The following article first appeared in the April 2005 edition of Traders Magazine
The SEC Raises Stakes in Self-Regulation
By Gregory Bresiger
The future of SROs may soon become as heated as the debate over Reg NMS. Dozens of comment letters are now pouring into the Securities and Exchange Commission from trading executives and average investors over the regulators’ SRO proposed rule change and concept release.
The SEC proposals have raised at least two dicey issues: Should self-regulation be trashed, with a single neutral regulator taking over from the various SROs? And, with exchanges demutualizing, who should be allowed on an SRO’s board of directors?
“I fully support any SEC rules or actions that might remove authority of the exchanges to police themselves and to place that responsibility with an independent oversight authority with full power to investigate abuses and impose appropriate penalties,” writes Henry Gwiazda, Ph.D., an academic who once worked for the U.S. National Archives and Records Administration.
The SEC, in a concept release, is raising the issue of the single neutral regulator that would take over from SROs. That is opposed by many trading officials who have filed letters. For example, the NYSE writes that, “A radical rearchitecture of the current system is the wrong way to resolve concerns. Governance and coordination initiatives that have already occurred, plus enhacements to the current model, make more sense.”
But the SEC is also considering a more moderate reform: keeping SROs, but imposing stiff new disclosure and membership requirements. “The Commission believes that requiring SRO boards to have a majority of independent directors…should help address the conflicts of interest that otherwise might arise when persons with a nexus to the SRO are involved in key decisions,” according to the SEC’s proposed Fair Administration Rules (FAR) release.
But several trading organizations, in comment letters, say that these proposed SRO rules requirements would hinder their ability to seek out the best people. Indeed, Archipelago, in a consortium letter sent with Nasdaq and four other exchanges, writes, “We believe that all marketplaces, subject to the Commission’s oversight, should have greater flexibility to develop their own approaches to independence, based upon a definition that focuses on materiality of a director’s relationship to the market, and board composition than the FAR would permit.”
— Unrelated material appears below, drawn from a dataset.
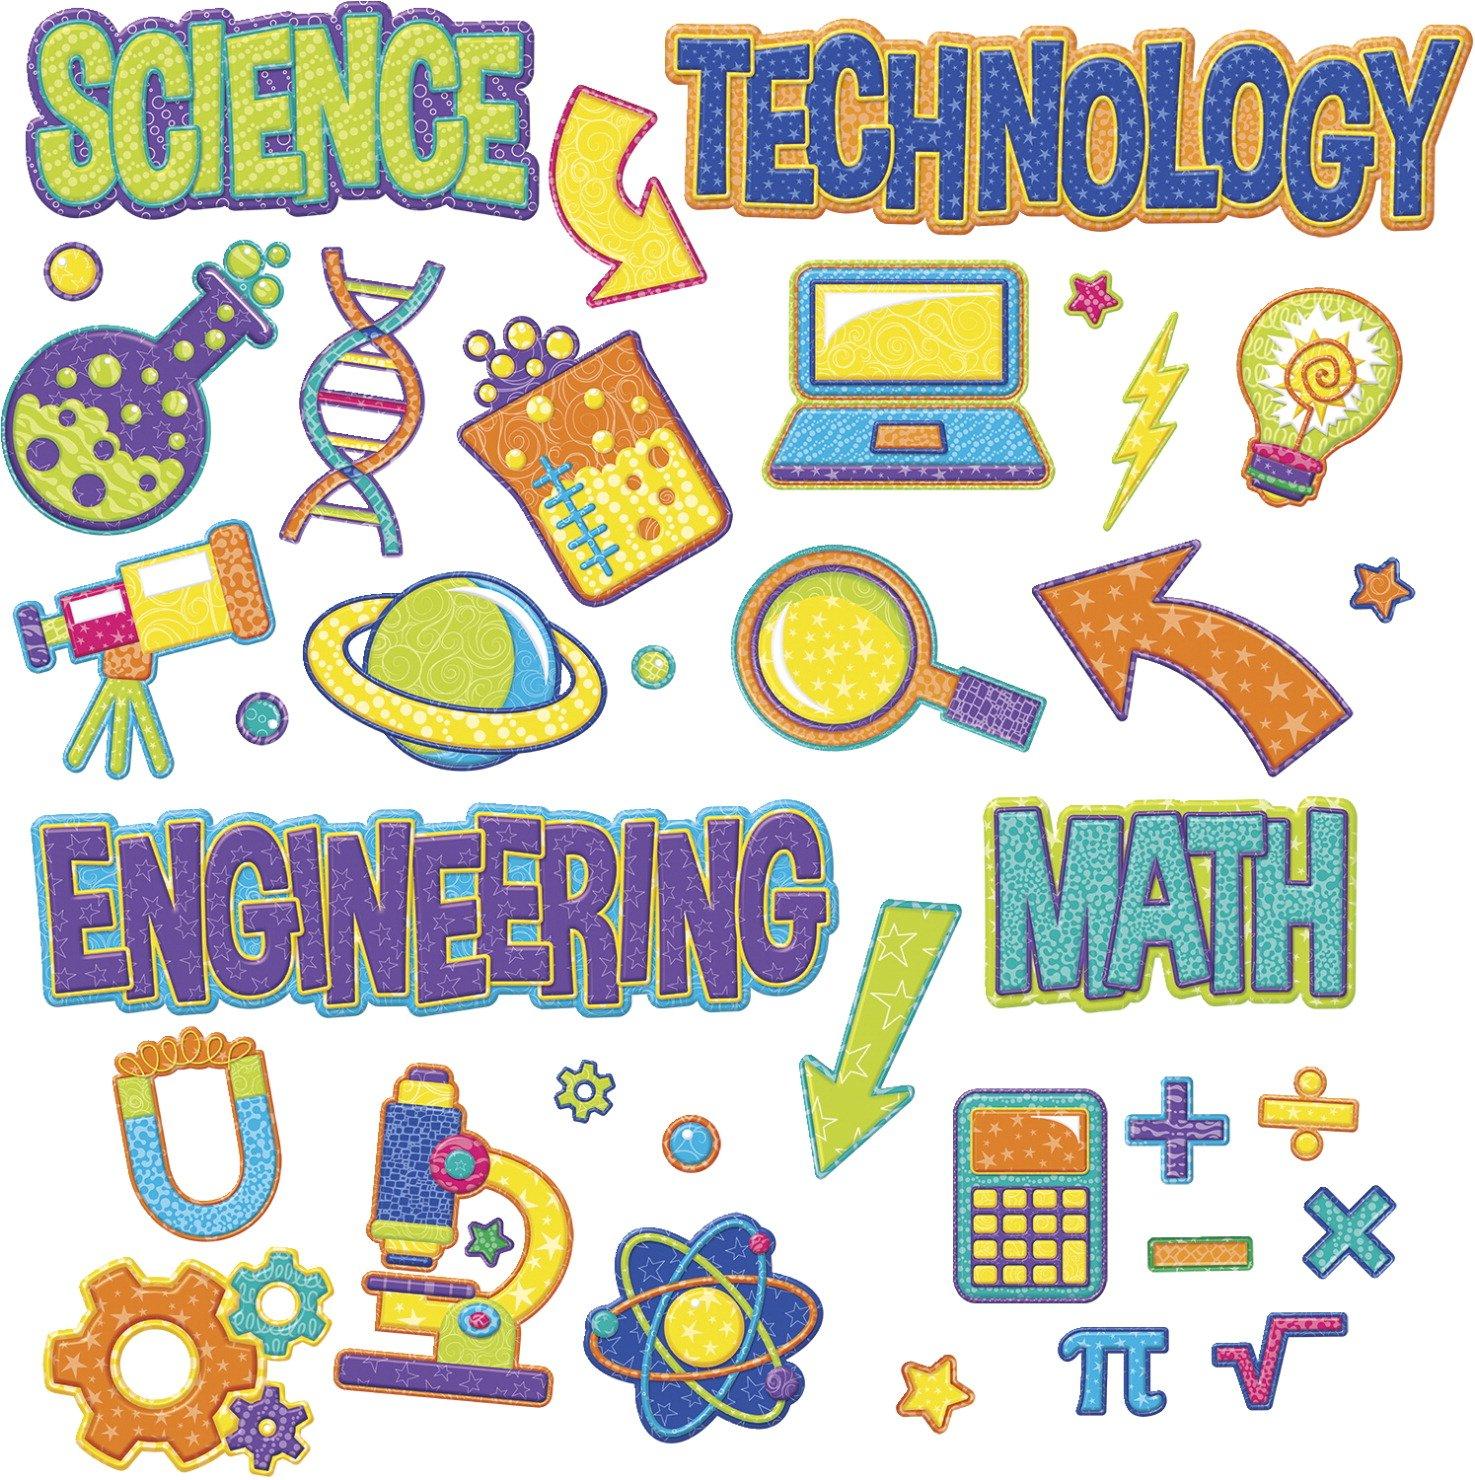 Eureka Color My World Teacher Supplies STEM Bulletin Board Set, 36 pcs Paper Magic Group 847775

Kevin O’Hara, Archipelago’s general counsel told Traders Magazine: “We are huge proponents of independence. The overwhelming majority of our board is independent, but the SEC’s narrow definition of independence would make it difficult for SRO boards.” The proposed SRO changes, the letter said, would depart from the premises of the self-regulatory provisions of the 1934 Securities Act.
The NASD, in its filing, called for a revision of the proposed independent director rules. It argues that it should not “preclude the participation of individuals who may have relevant experience and expertise, and yet may have recently served as outside directors of member firms.” It also promised to move quickly in correcting its apparent conflict – the continued ownership of Nasdaq.
Rosenblatt Securities, an agency-only firm and NYSE floor broker, in a comment letter, argued that, despite several scandals, self-regulation at times has been very effective in detecting violations.